Giant Seaweed Blob Twice the Width of the U.S. Starts to Arrive in Florida
Like something out of a classic sci-fi film, marine scientists are tracking a giant seaweed blob approaching Florida’s Gulf Coast. The 5,000-mile-wide swarm of seaweed — which scientists say could be the biggest in history — is so large it can be seen from space.
The colossal seaweed mat was caused by a huge sargassum seaweed bloom. Usually found east of the Gulf of Mexico in the Sargasso Sea, sometimes sargassum blooms can become gigantic and make their way to land, reported Newsweek.
“When too much sargassum piles up on the beaches, it can be harmful to the local environment, tourism, and artisanal fisheries, etc.,” sargassum researcher from the University of South Florida Mengqiu Wang previously told Newsweek.

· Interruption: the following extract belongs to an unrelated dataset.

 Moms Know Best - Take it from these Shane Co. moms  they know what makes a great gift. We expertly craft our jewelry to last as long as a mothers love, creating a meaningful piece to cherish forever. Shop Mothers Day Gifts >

When it comes ashore on beaches in Florida and other locations along the Gulf of Mexico, it will emit toxic fumes as it begins to rot, scientists say, and could be a threat to human health, The New York Times reported.
Rotting seaweed releases hydrogen sulfide, causing respiratory issues, said research professor at Florida Atlantic University’s Harbor Branch Oceanographic Institute Brian LaPointe, as reported by NBC News.

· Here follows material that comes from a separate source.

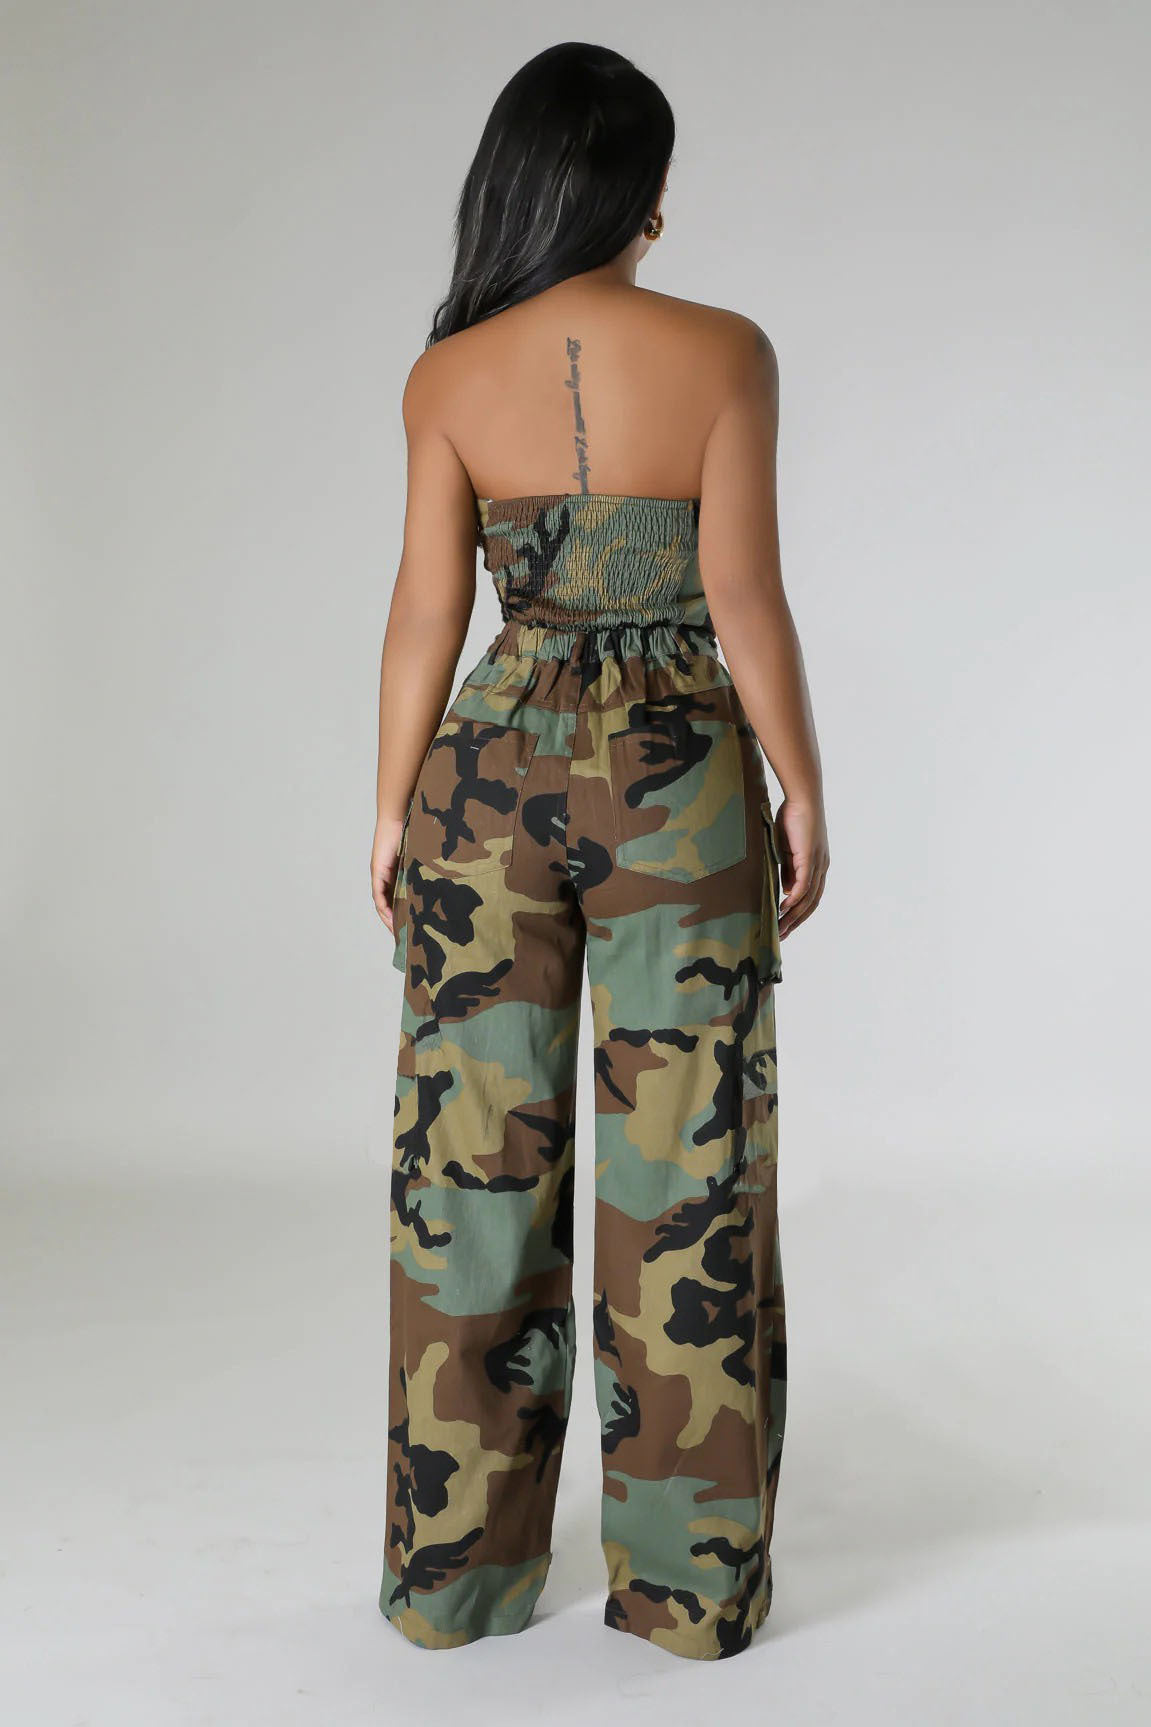 Camouflage Pocket Casual Pants Suit

“Following the big 2018 blooms, doctors in Martinique and Guadeloupe reported thousands of people going to clinics with breathing complications from the air that was coming off these rotting piles of sargassum,” LaPointe said.
The blob has already begun to come ashore in the Florida Keys and some places in Mexico, reported The New York Times.
“You can’t get in the water,” said travel YouTuber Leonard Shea in a recent video from Mexico’s Playa del Carmen, as The New York Times reported. “It’s not an enjoyable experience.”
The Gulf Coast of Florida has already been dealing with a recent episode of red tide, caused by an algae bloom that has killed fish and presented respiratory risks to humans.
Assistant research professor at the University of South Florida’s College of Marine Science Brian Barnes said the seaweed mass seems to be growing each year, with the biggest blobs occurring in 2018 and 2022, reported NBC News. Barnes said this year’s accumulation is getting close to the previous records.
“Historically, as far back as we have records, sargassum has been a part of the ecosystem, but the scale now is just so much bigger,” Barnes said, according to Newsweek. “What we would have thought was a major bloom five years ago is no longer even a blip.”
Scientists aren’t sure precisely how and why the great Atlantic Sargassum belt, as the tangle of seaweed is known, is growing, but it seems to correspond with the seasonal discharge of major rivers like the Amazon, Congo and Mississippi, The New York Times reported.
“These blooms are getting bigger and bigger and this year looks like it’s going to be the biggest year yet on record,” said Lapointe, as reported by The New York Times. “This is quite early to see this much, this soon. It just doesn’t bode well for a clean beach summer in 2023.”